3-溴甲苯
| 3-溴甲苯 | |
|---|---|
| |
| 別名 | 間溴甲苯 3-甲基溴苯 |
| 識別 | |
| CAS號 | 591-17-3 
|
| PubChem | 11560 |
| SMILES |
|
| 性質 | |
| 化學式 | C7H7Br |
| 摩爾質量 | 171.03 g·mol−1 |
| 外觀 | 無色液體 |
| 密度 | 1.4022 g·cm−3(25 °C)[1] |
| 熔點 | −39.8 °C(233.3 K)[2] |
| 沸點 | 183.7 °C(456.8 K)[2] |
| 溶解性(水) | 難溶 |
| 若非註明,所有數據均出自標準狀態(25 ℃,100 kPa)下。 | |
3-溴甲苯是一種有機化合物,化學式為C7H7Br,是溴甲苯的同分異構體之一。
合成[編輯]
3-溴甲苯可由3-溴苯甲醛在鈀碳催化劑存在下被氫氣還原得到,[3]或通過3-甲基苯胺的重氮化-溴化反應製得。[4]3-甲基苯肼鹽酸鹽和三溴化硼在二甲基亞碸中反應,也可以得到3-溴甲苯。[5]
反應[編輯]
3-溴甲苯和苯硼酸可以發生鈴木偶聯反應(C–C偶聯),生成3-甲基聯苯:[6]
類似地,在三(二亞苄基丙酮)二鈀催化下,它和格氏試劑可以發生熊田偶聯反應,如和4-甲氧基苯基溴化鎂反應,得到3-甲基-4'-甲氧基聯苯。[7]該催化劑也可催化3-溴甲苯與胺的反應,如3-溴甲苯和哌啶在鹼的存在下反應,可以得到C–C偶聯產物1-(3-甲基苯基)哌啶。[8]
它和氯磺酸在三氯甲烷中反應,可以得到4-溴-2-甲苯磺醯氯。[10]它可以被氧氣、過氧化叔丁醇等氧化劑催化氧化為3-溴苯甲酸。[11][12][13]
參考文獻[編輯]
- ^ Hussey, Allen S.; Dyer, John R. The Monomagnesium Derivatives of Dibromotoluenes. Journal of the American Chemical Society. 2002, 73 (2): 603–604. ISSN 0002-7863. doi:10.1021/ja01146a031.
- ^ 2.0 2.1 "PhysProp" data were obtained from Syracuse Research Corporation of Syracuse, New York (US). Retrieved from SciFinder. [2021-07-11].

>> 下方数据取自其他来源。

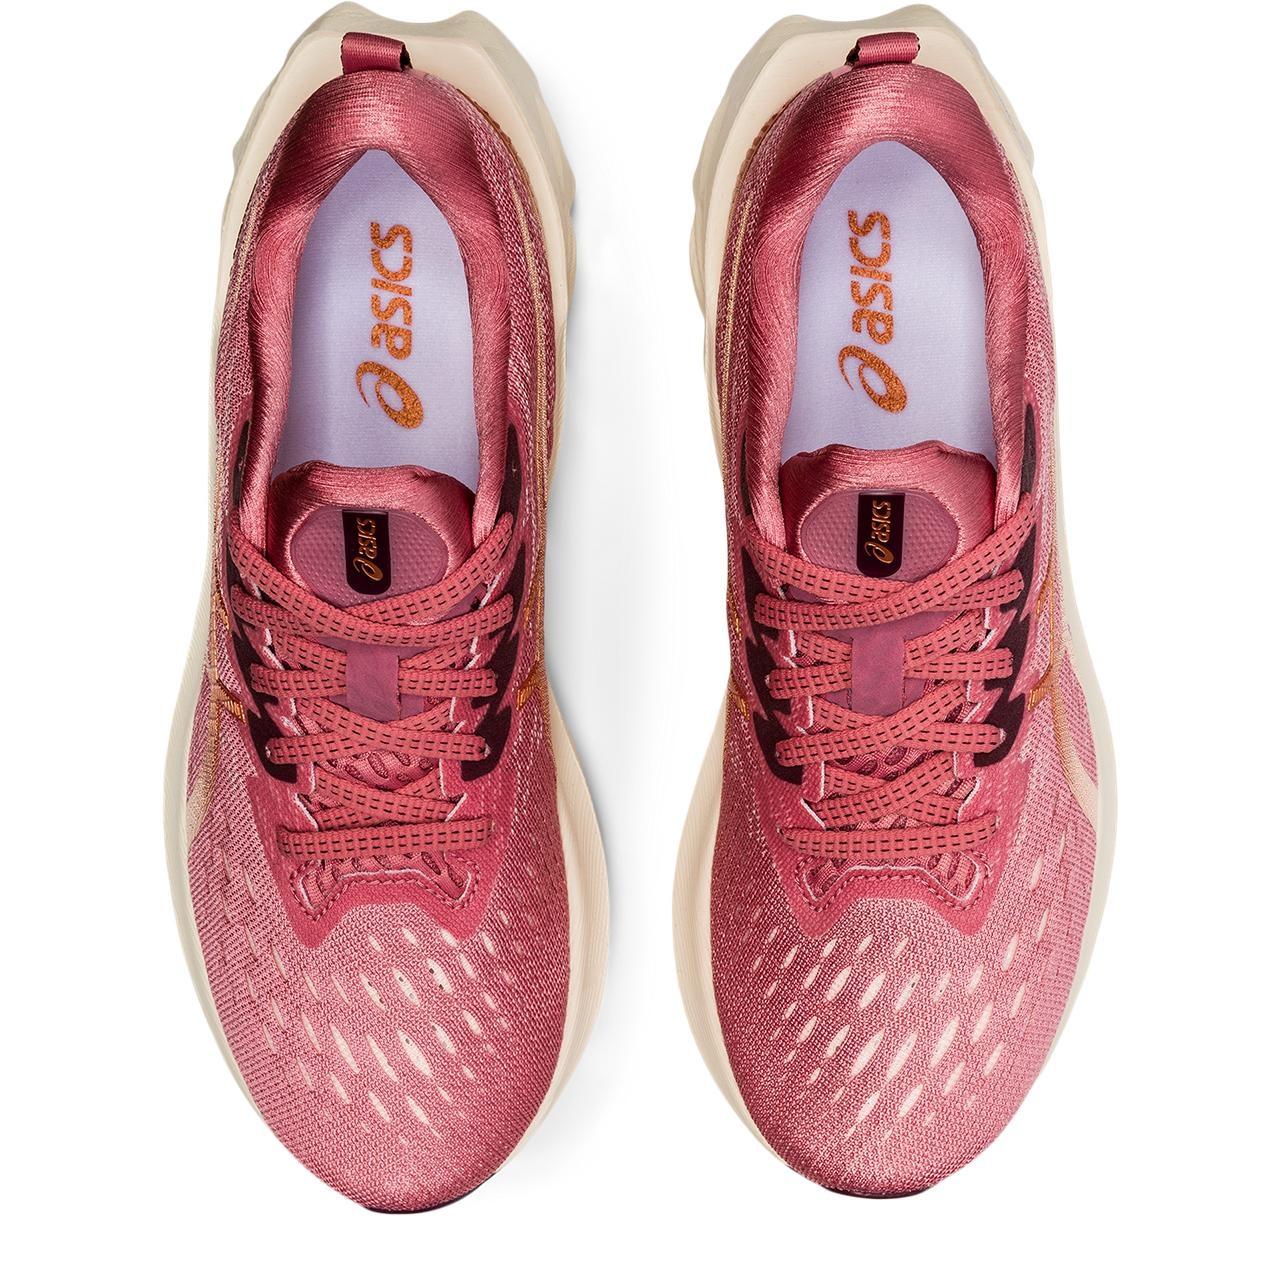 Bild von asics Novablast 2 Damen Laufschuh - smokey rose/pure bronze

- ^ Wang, Shuguo; Zhou, Peng; Jiang, Liang; Zhang, Zehui; Deng, Kejian; Zhang, Yuhua; Zhao, Yanxi; Li, Jinlin; Bottle, Steven; Zhu, Huaiyong. Selective deoxygenation of carbonyl groups at room temperature and atmospheric hydrogen pressure over nitrogen-doped carbon supported Pd catalyst. Journal of Catalysis. 2018, 368: 207–216. ISSN 0021-9517. doi:10.1016/j.jcat.2018.10.017.
- ^ Beletskaya, Irina; Sigeev, Alexander; Peregudov, Alexander; Petrovskii, Pavel. Catalytic Sandmeyer Bromination. Synthesis. 2007, 2007 (16): 2534–2538. ISSN 0039-7881. doi:10.1055/s-2007-983784.
- ^ Phuc Tran, Dat; Nomoto, Akihiro; Mita, Soichiro; Dong, Chun-ping; Kodama, Shintaro; Mizuno, Takumi; Ogawa, Akiya. Metal- and base-free synthesis of aryl bromides from arylhydrazines. Tetrahedron Letters. 2020, 61 (23): 151959. ISSN 0040-4039. doi:10.1016/j.tetlet.2020.151959.
- ^ Wang, Ai-E; Zhong, Jun; Xie, Jian-Hua; Li, Kai; Zhou, Qi-Lin. Highly Efficient Suzuki Cross-Coupling Catalyzed by Palladium/Phosphine-Imidazolium Carbene System. Advanced Synthesis & Catalysis. 2004, 346 (6): 595–598. ISSN 1615-4150. doi:10.1002/adsc.200404015.
- ^ Pal, Anwesha; Ghosh, Raju; Adarsh, N.N.; Sarkar, Amitabha. Pyrazole-tethered phosphine ligands for Pd(0): useful catalysts for Stille, Kumada and Hiyama cross-coupling reactions. Tetrahedron. 2010, 66 (29): 5451–5458. ISSN 0040-4020. doi:10.1016/j.tet.2010.05.026.
- ^ Mudithanapelli, Chandrashekar; Dhorma, Lama Prema; Kim, Mi-hyun. PIFA-Promoted, Solvent-Controlled Selective Functionalization of C(sp2)–H or C(sp3)–H: Nitration via C–N Bond Cleavage of CH3NO2, Cyanation, or Oxygenation in Water. Organic Letters. 2019, 21 (9): 3098–3102. ISSN 1523-7060. doi:10.1021/acs.orglett.9b00751.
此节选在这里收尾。